• [INFORMATION SHOWN]:
<<<<

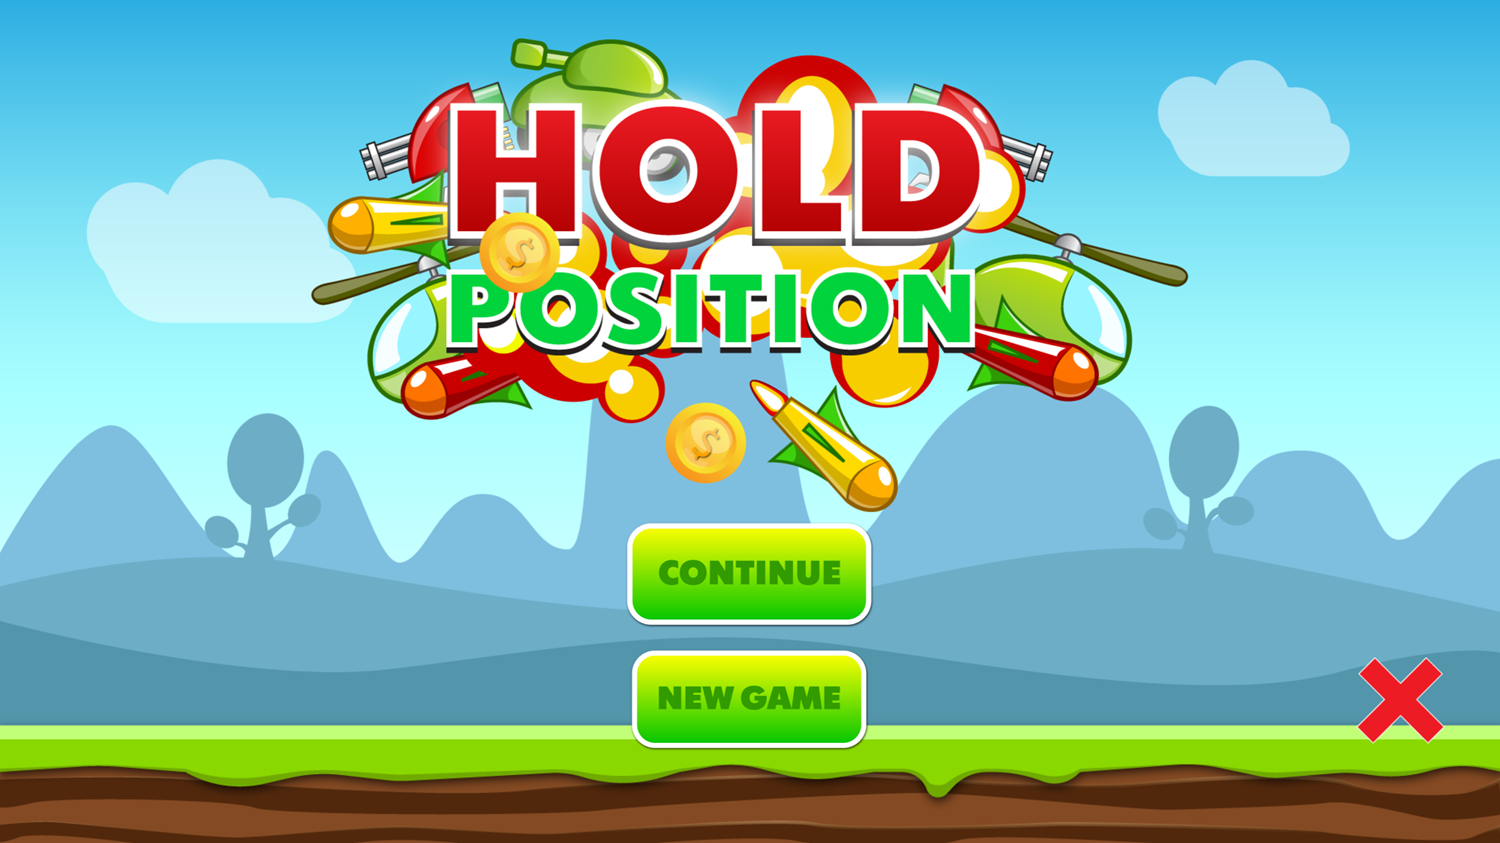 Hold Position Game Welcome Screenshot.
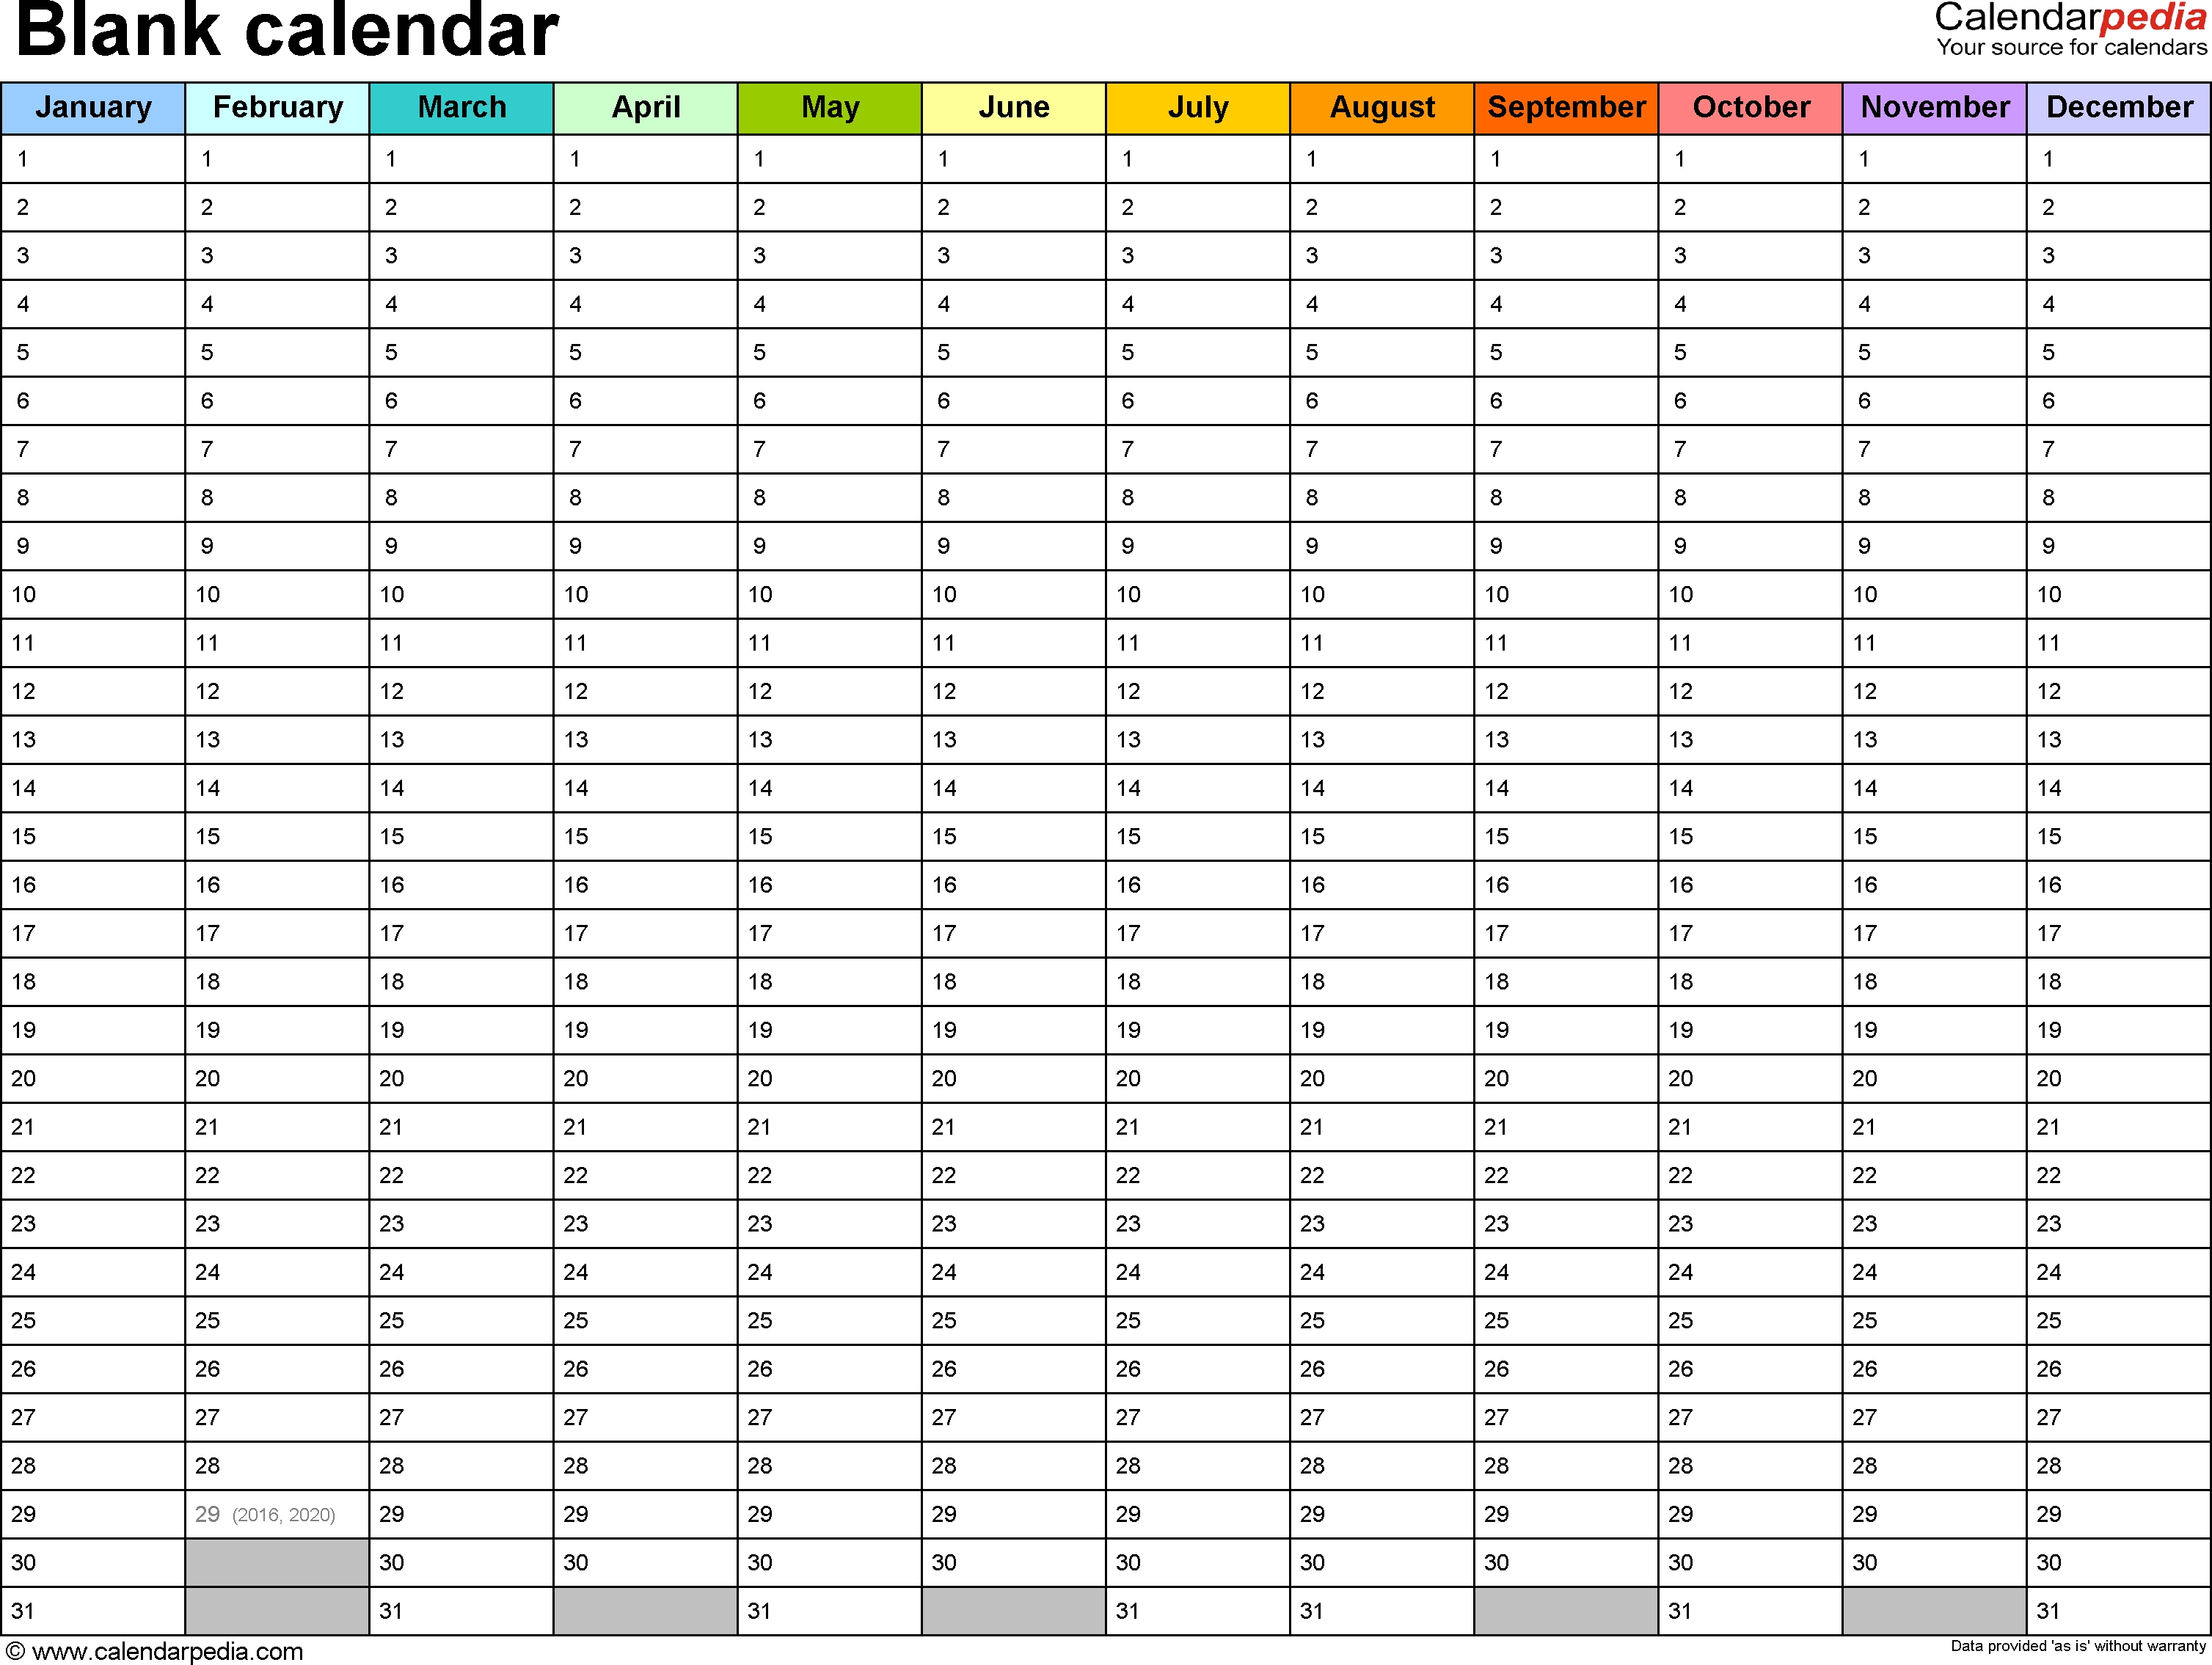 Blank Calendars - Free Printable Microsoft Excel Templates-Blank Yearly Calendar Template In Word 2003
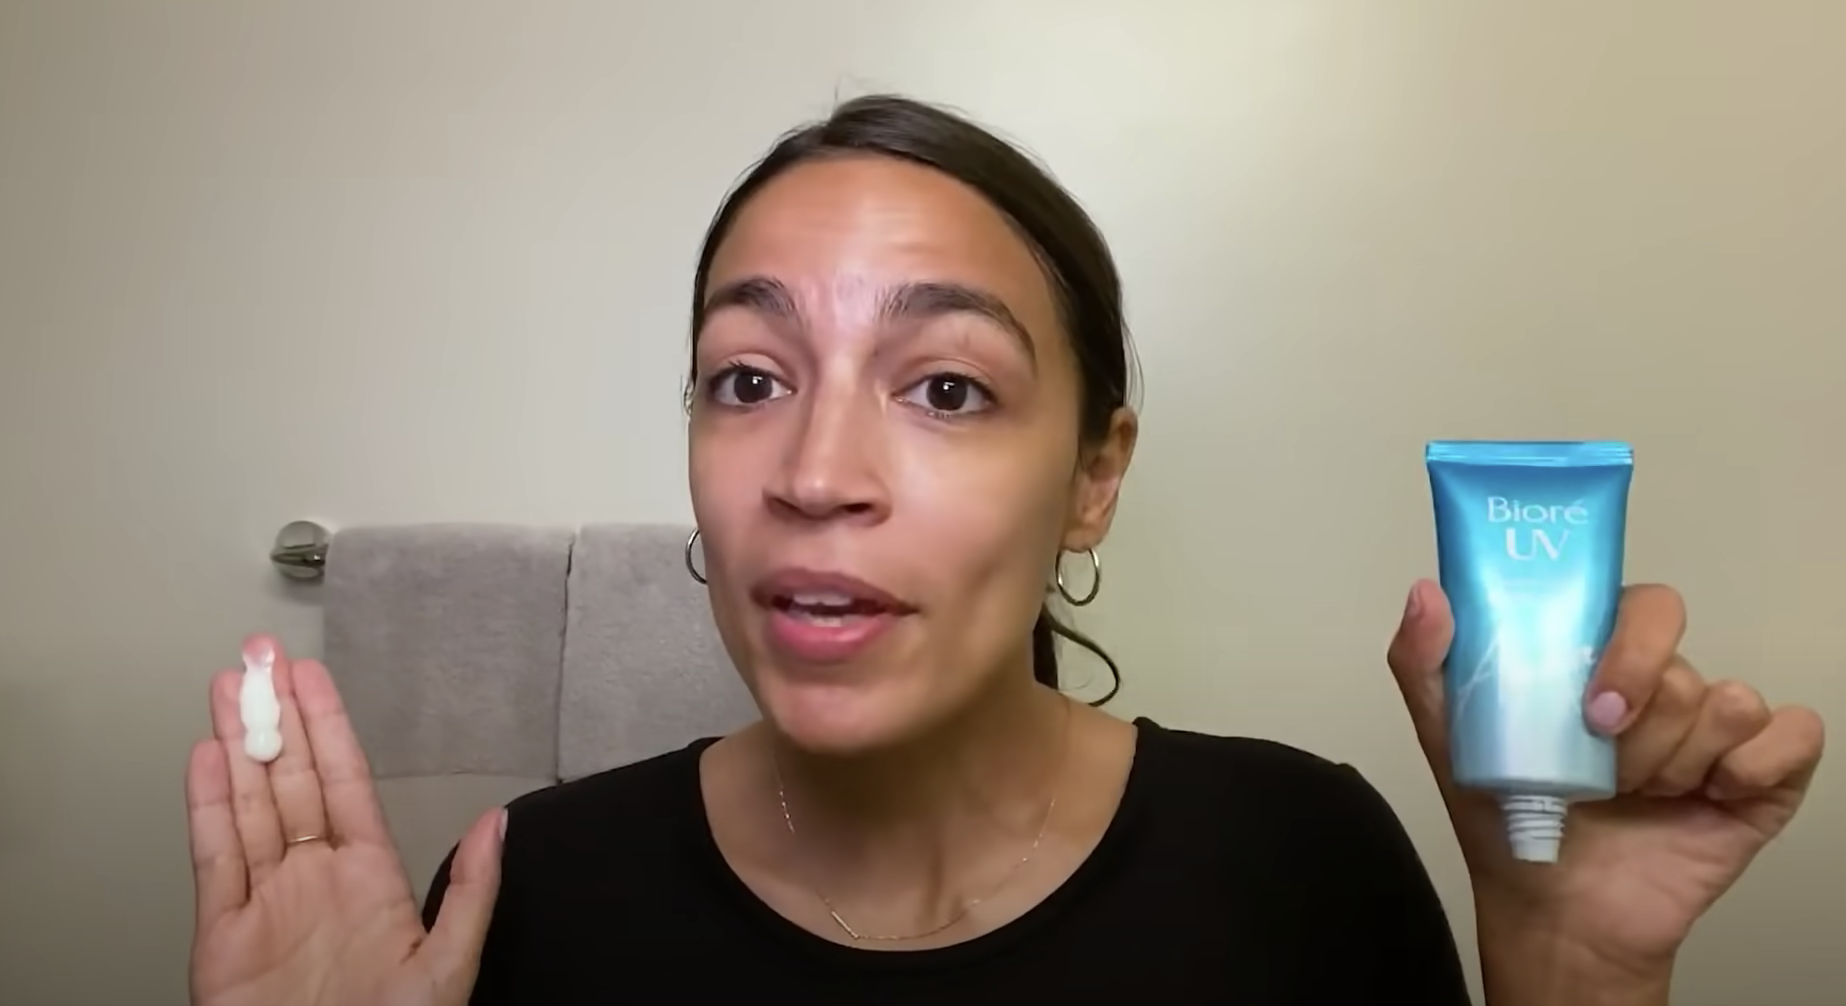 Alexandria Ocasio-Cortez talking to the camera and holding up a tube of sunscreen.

>>>>

Each line from the one containing "Blank Calendars - Free" through the last line of the data should be written out exactly. Skip the pictures, and add no other lines.

• [RESULT]:
 Blank Calendars - Free Printable Microsoft Excel Templates-Blank Yearly Calendar Template In Word 2003
 Alexandria Ocasio-Cortez talking to the camera and holding up a tube of sunscreen.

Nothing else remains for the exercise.